SeymourPowell has estimated that over 50 million litres of paint ends up going unused annually in the UK, up to 15% of the total amount of the product sold. Recycling and using old paint has typically been a laborious and costly process, but there are signs that this could change with a new collaboration between Dulux-owner AkzoNobel, innovation company SeymourPowell and a startup called Newlife Paints.

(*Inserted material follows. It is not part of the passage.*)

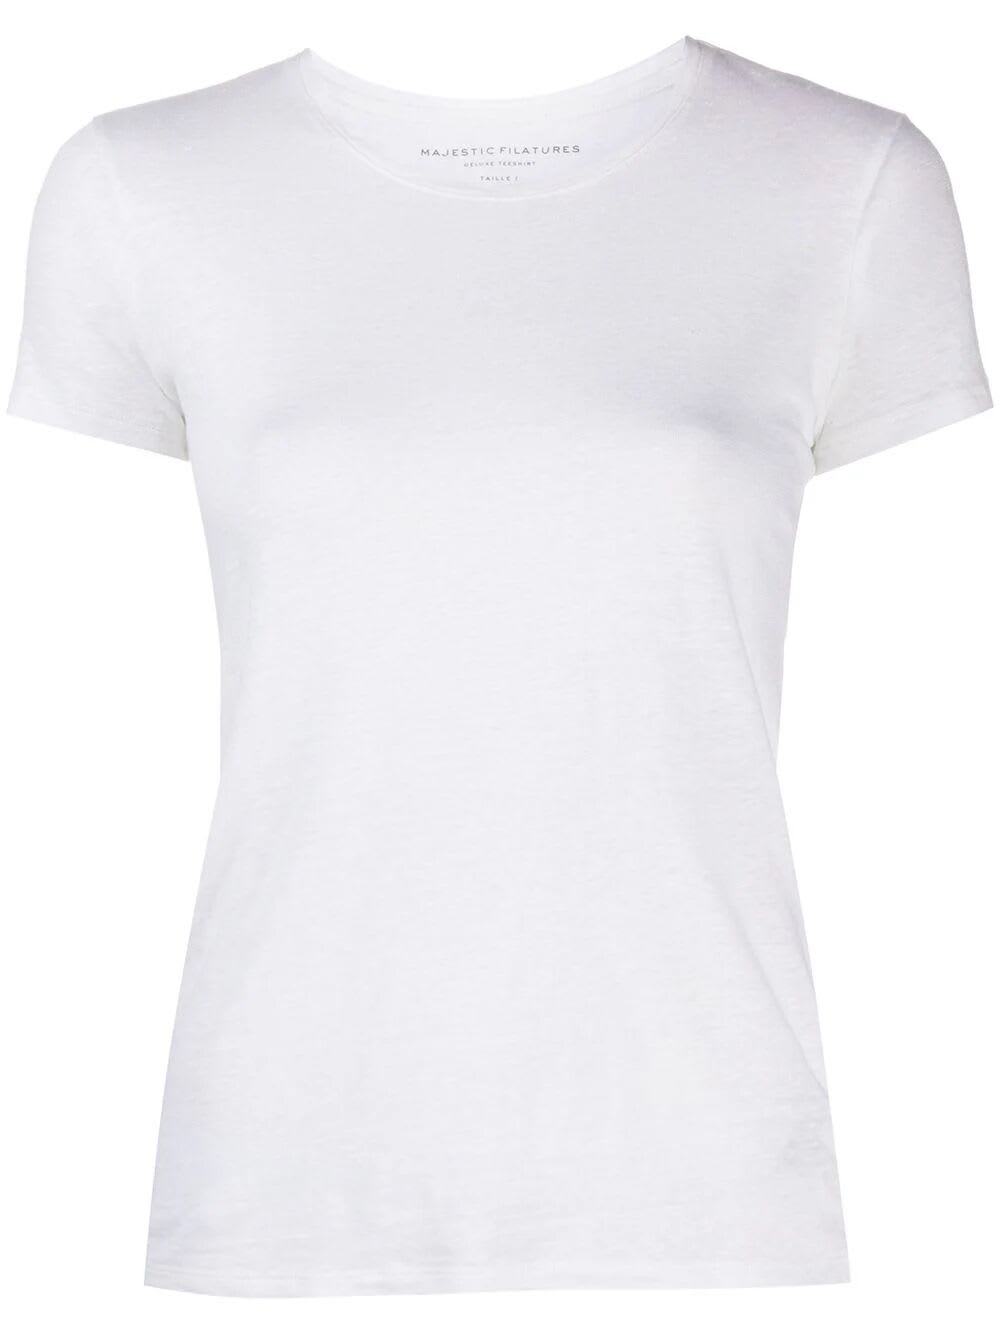 Short Sleeve Round Neck T-shirt

An industrial chemist Keith Harrison founded Newlife Paints after finding a technique that could effectively re-engineer unused emulsion into a good quality recycled paint product. The startup was founded in 2008, but significant barriers to scaling the concept technically and commercially remained.

Photo credit: deepwarren via Visualhunt / CC BY-NC
Photo credit: deepwarren via Visualhunt / CC BY-NC

For starters, there is a significant technical challenge even in simply decanting paint from the tins, a process that is usually labour-intensive and expensive because it is work that need to be done almost entirely by hand.

SeymourPowell were brought in to support on developing the technological solutions needed to meet these challenges and they eventually came upon a solution where a powerful industrial vacuum cleaner could be used and adapted to suck paint out of cans both quickly and efficiently.

A successful trial with waste management company Veolia has been executed and there is a growing confidence within the partnership that the economic value will easily cover and ensure profit in an operation where these large quantities of waste paint are re-collected and re-engineered into a high quality product.